Information shown Start Marker

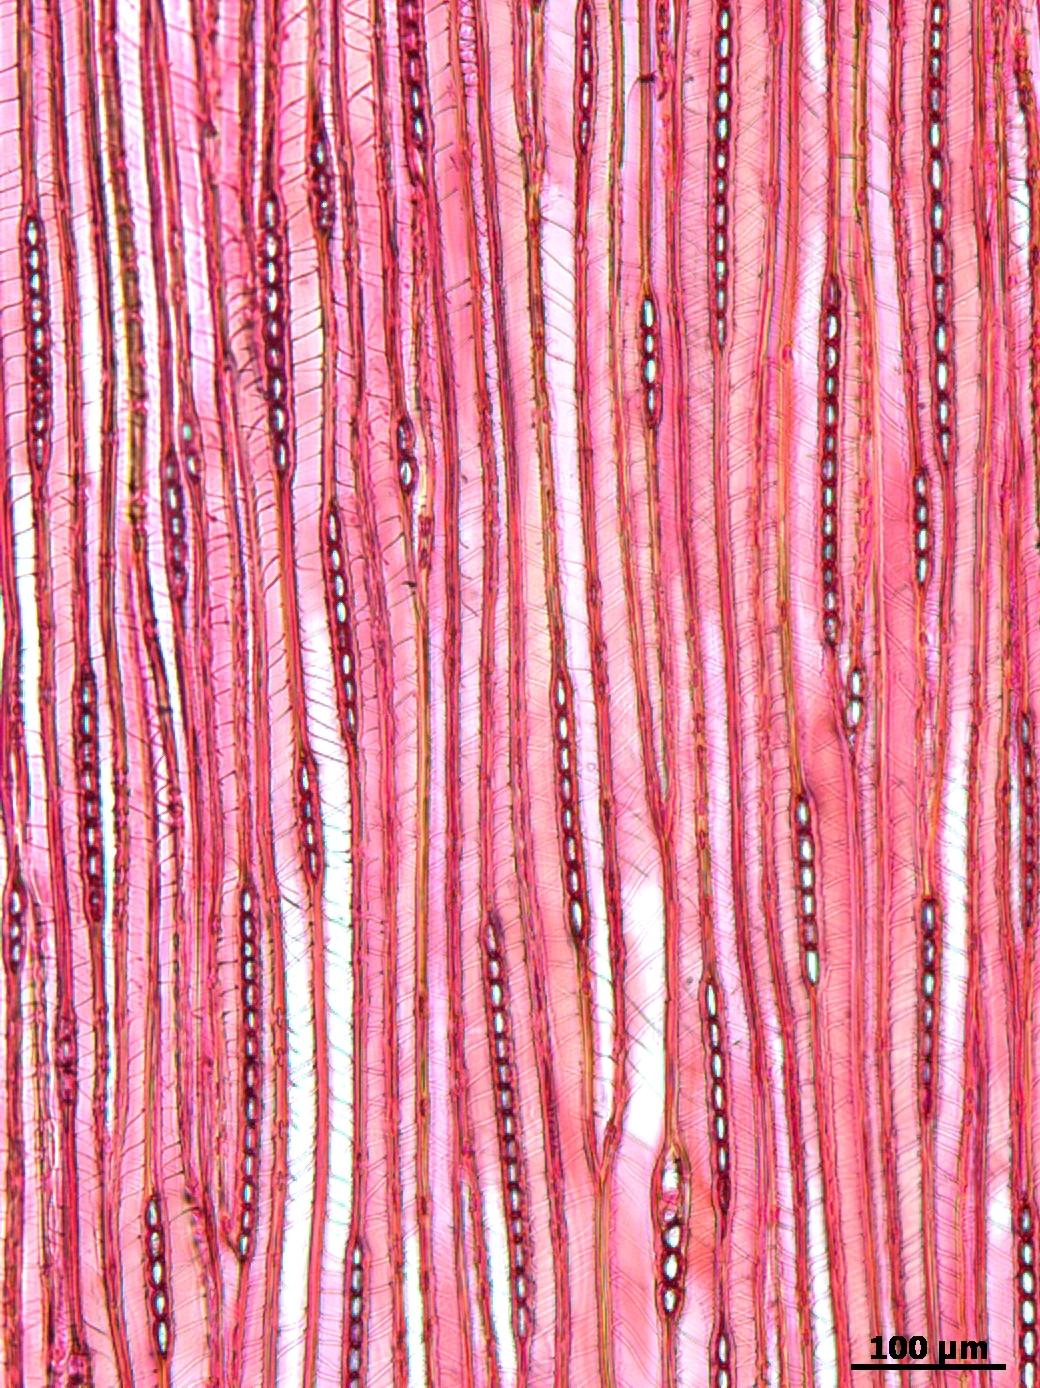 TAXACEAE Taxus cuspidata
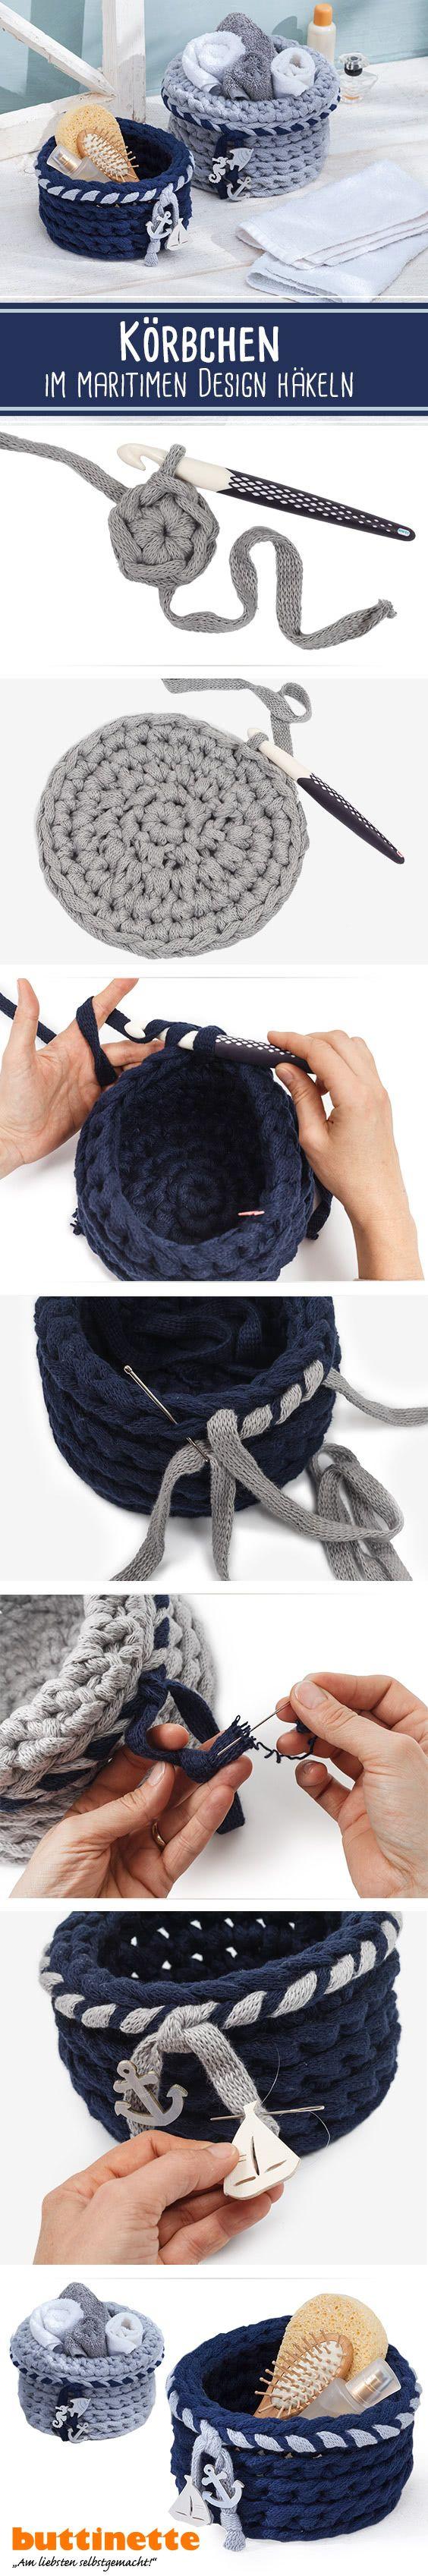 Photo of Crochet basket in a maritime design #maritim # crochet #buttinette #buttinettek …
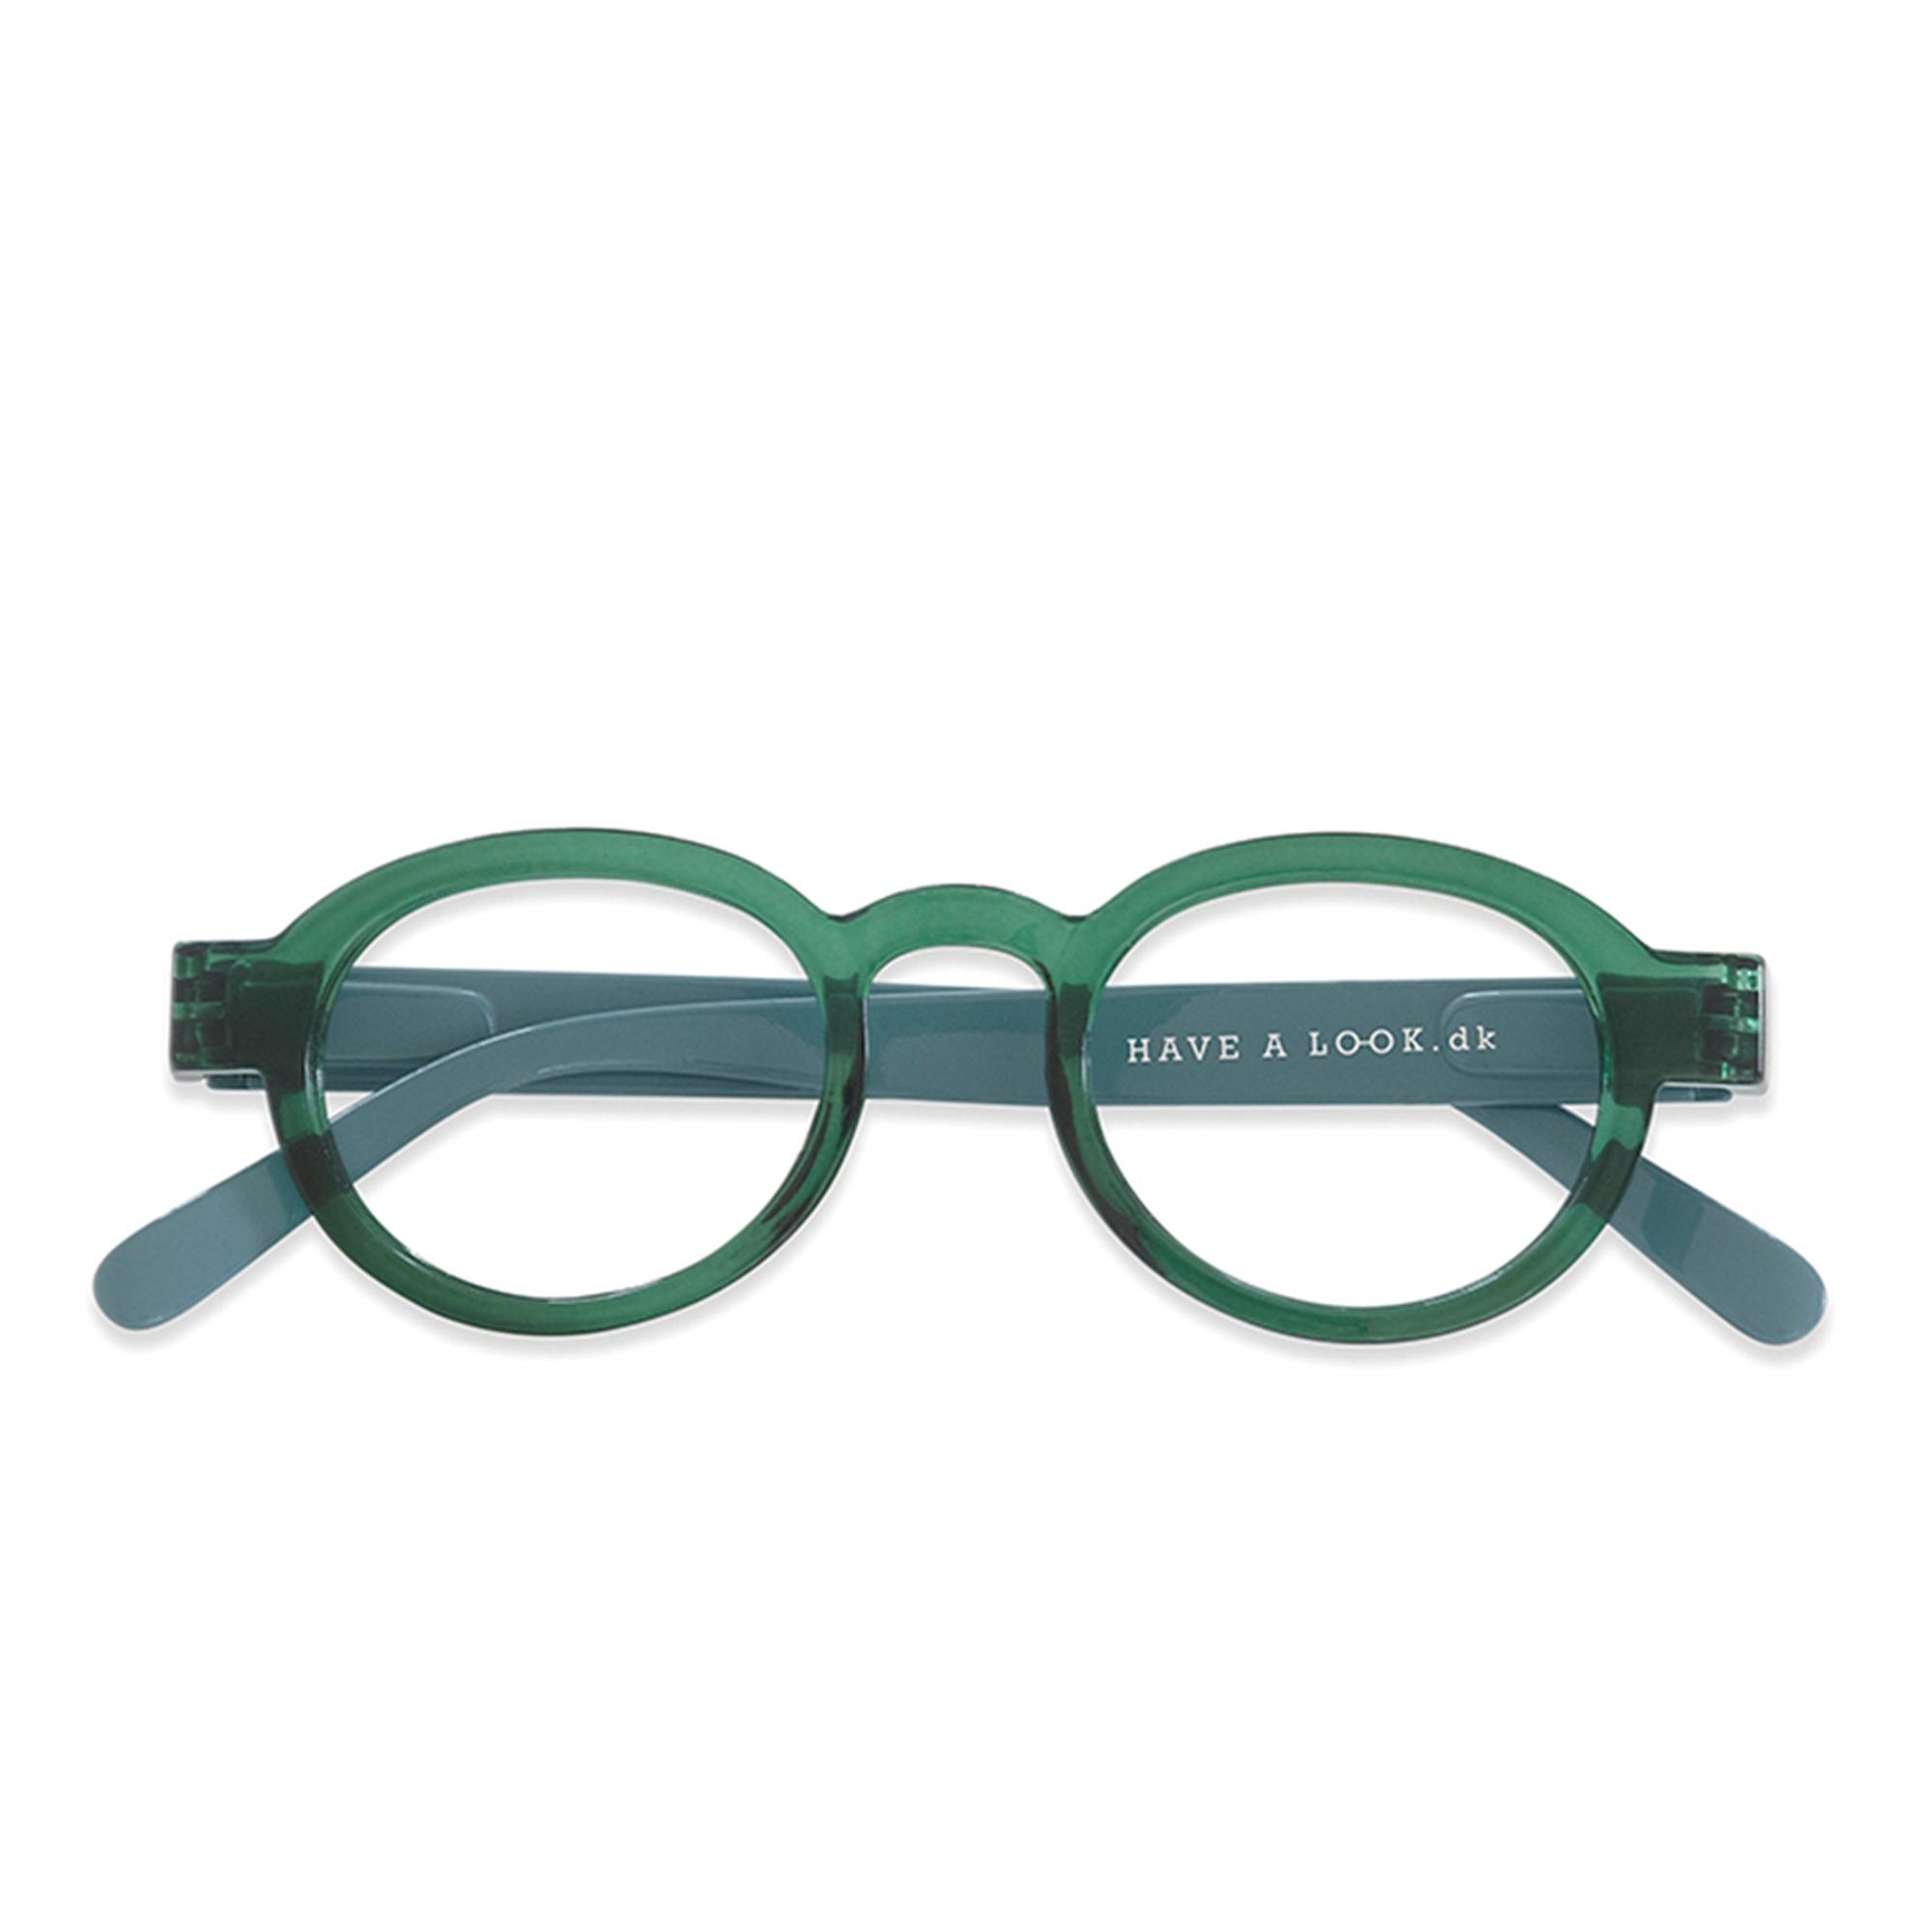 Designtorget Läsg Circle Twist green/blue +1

Information shown End Marker

Work to complete:
Beginning at the line with "Photo of Crochet" and ending at the last line of the listing above, retype each line exactly, including those two lines. Leave the pictures out.

Solved exercise:
 Photo of Crochet basket in a maritime design #maritim # crochet #buttinette #buttinettek …
 Designtorget Läsg Circle Twist green/blue +1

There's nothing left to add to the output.